La miro con confusión al ver la imagen que contradice sus palabras. Señalo lo obvio y ella sonríe.

—Será mejor que hagas tú maleta.

Pestañeo sin saber qué pensar o decir y alzo las manos parando su acción de meter ropa en el interior de la Samsonite.

—¿Qué? ¿Dónde vamos?

—Nos quedaremos este fin de semana en la casa de mis padres. Solo así ha dejado de insistir. Claramente no le hace mucha gracia que vengas conmigo, pero ya le dejé claro que tú, eres parte del equipaje.

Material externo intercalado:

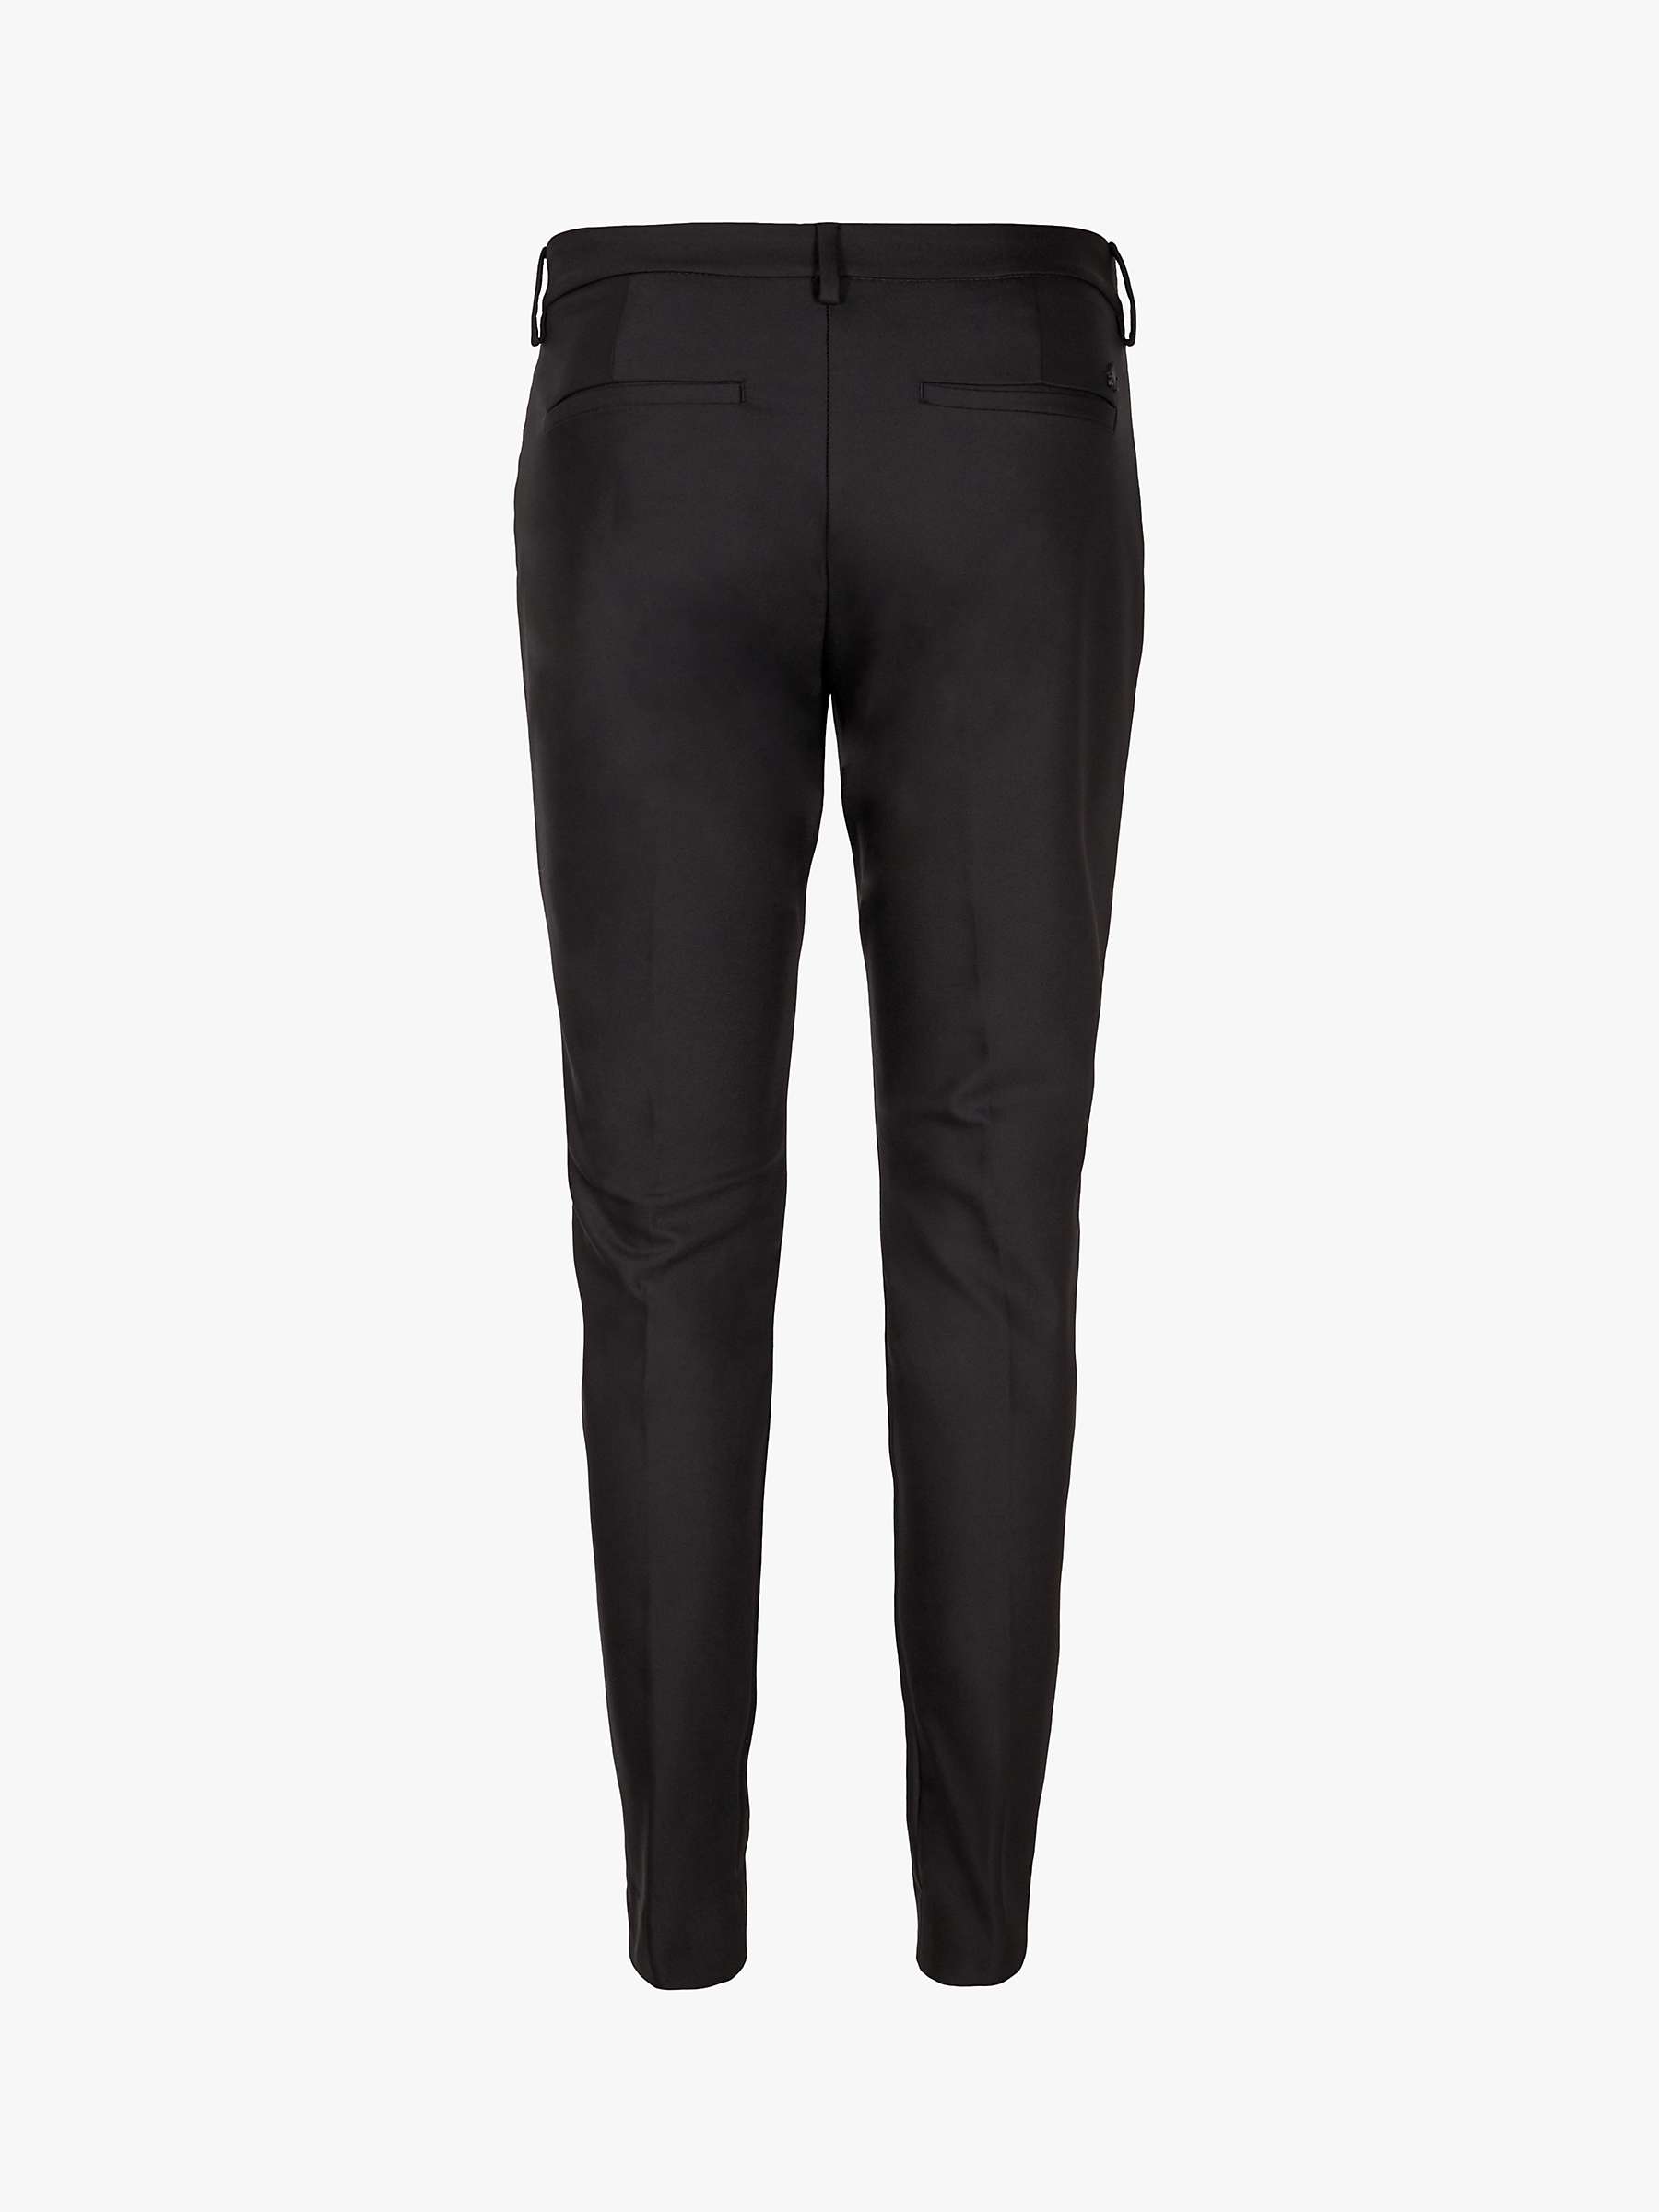 MOS MOSH Abbey Tailored Trousers, Black at John Lewis & Partners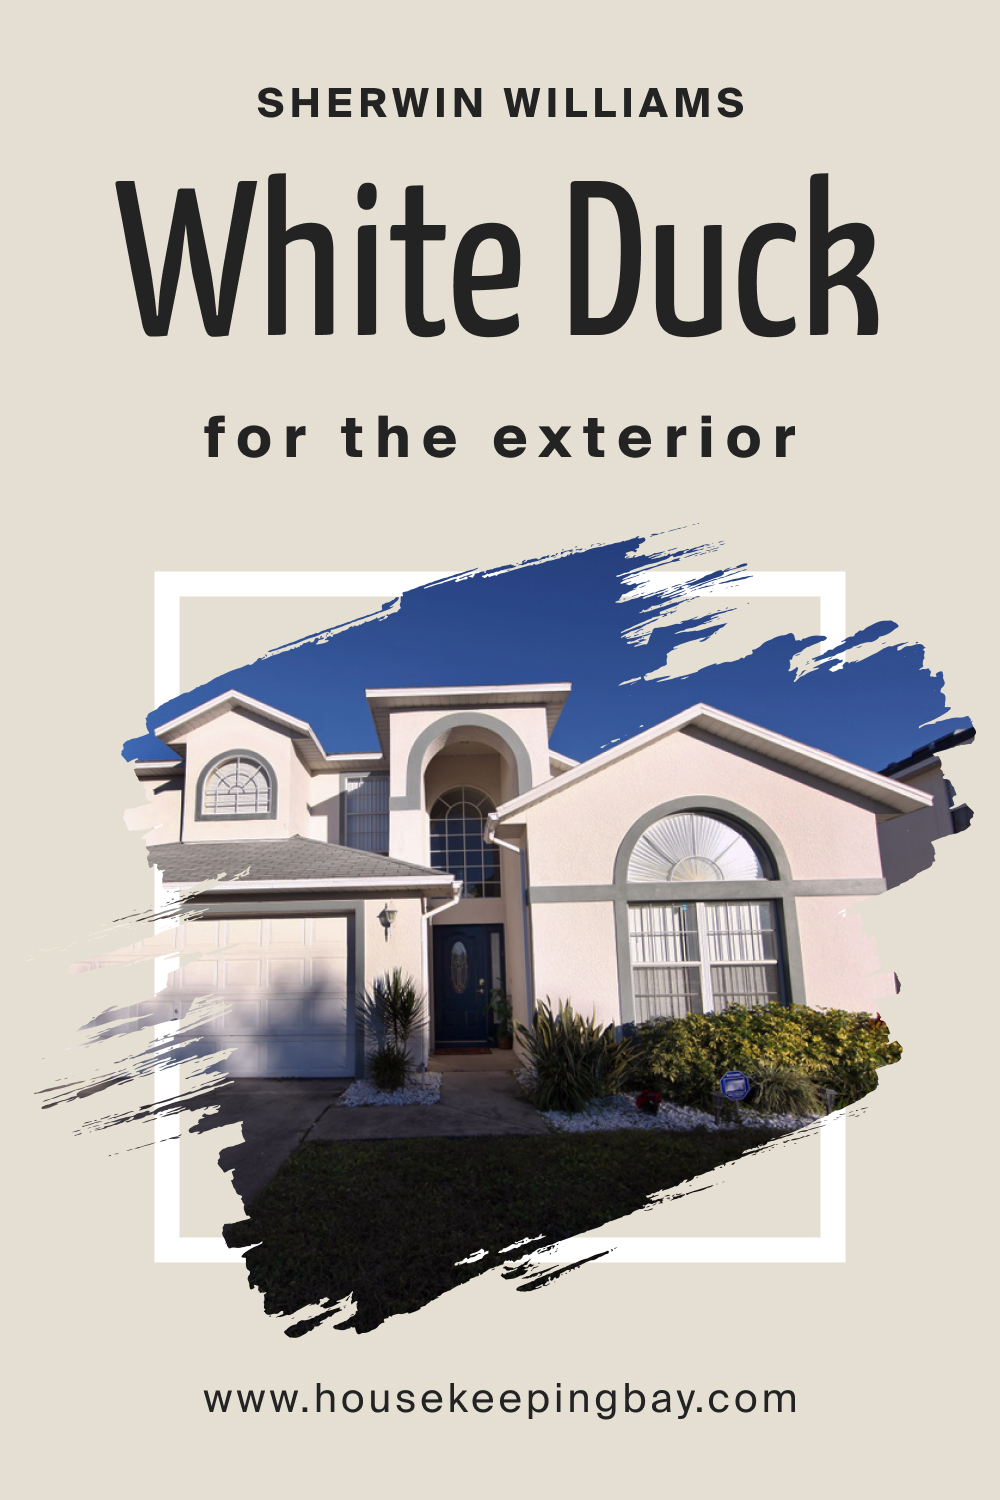 Sherwin Williams. SW White Duck For the exterior

Después de decir eso sigue a lo suyo. Sin darse cuenta de mi estado. ¿Todo el fin de semana?

— ¿Me has preguntado siquiera si me apetece pasar todo el maldito fin de semana aguantando al cascarrabias de tu padre? Sin contar los desplantes de tu mamá cada vez que estoy a menos de dos metros de distancia. —Ella se ríe, pero sigue metiendo ropa. Me está poniendo de los nervios y para hacerla parar voy hacia ella y la agarro firmemente de los brazos.

Un suspiro entreabre sus labios. Labios que no deseo más que morder hasta dejarlos al rojo vivo. Y parece como si supiera lo que estoy pensando ya que se los humedece, dejándolos brillantes por su saliva. «Tranquilo» tengo que recordarme.

—No quiero dejarte solo, Fer —susurra mirándome a los ojos—. Y si te hace sentir mejor, nos quedaremos en la otra casa. Solo tendremos que ir a comer con ellos o a tomar el té… la mayor parte del tiempo estaremos solo los dos, ¿vale? Así que elige… ¿Quieres aguantar a mis padres todo lo que da el fin de semana o prefieres soportarme a mí sola?

Y tras hacerme el enfurruñado, me voy a mí habitación a hacer la maleta. Estaríamos los dos juntos, solo tendría que aguantar un par de horas con los Señores Storazza y volvería para disfrutar de la soledad junto a ella. Sin tener que levantarme temprano para trabajar en el campo y solo disfrutar de su presencia.